Our latest evaluations show knowledge bases achieve better answer scores than traditional RAG

By Alec Berntson, Alina Beck, Amaia Salvador Aguilera, Arnau Quindós Sánchez, Gunter Loch, Jieyu Cheng, Lihang Li, Mike Kim, Thibault Gisselbrecht, Tushar Khan

Foundry IQ by Azure AI Search is a unified knowledge layer for agents, designed to improve response performance, automate RAG workflows and enable enterprise-ready grounding. Foundry IQ and Azure AI Search are part of Microsoft Foundry.

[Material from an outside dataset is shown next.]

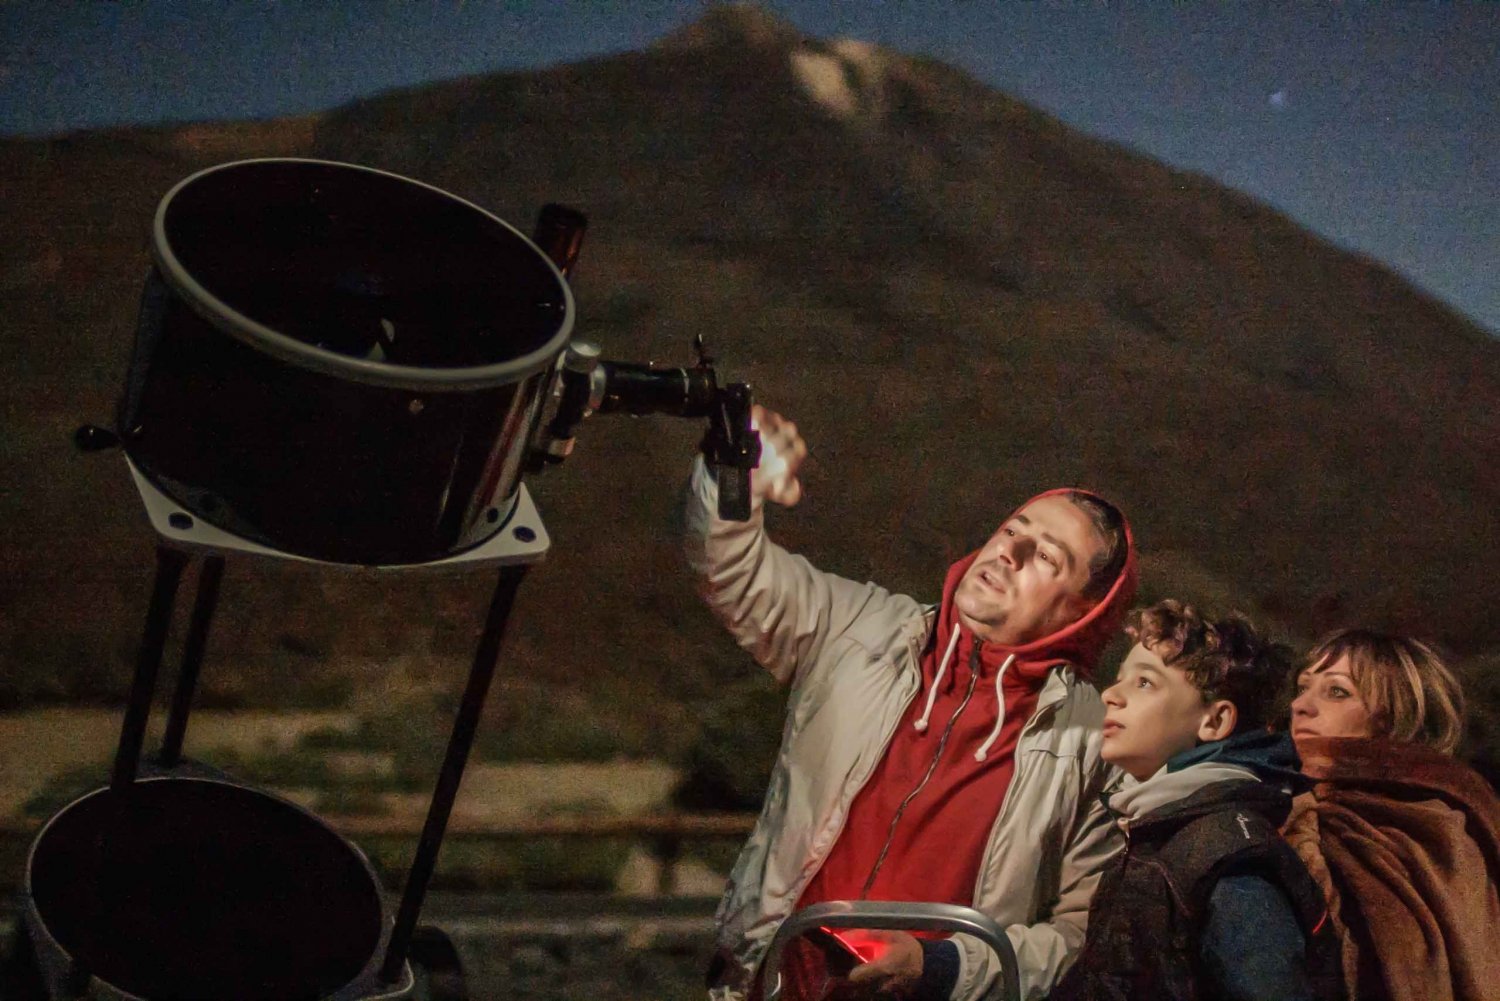 Parque Nacional del Teide: Excursión guiada para observar las estrellas con el Gran Telescopio

Foundry IQ uses the agentic retrieval engine in Azure AI Search knowledge bases (KB) to tackle several key challenges customers face when building agents. A single entry point to search across all your content, access to federated sources such as web grounding to supplement private data, self-reflective search, latency-quality trade-off controls, high quality answers output and steerability. Developers can configure and register a single knowledge base as a ‘super tool’ to provide agents access to many different knowledge sources. This greatly reduces agent development complexity and separates concerns between retrieving knowledge (knowledge bases) and using it (your agent).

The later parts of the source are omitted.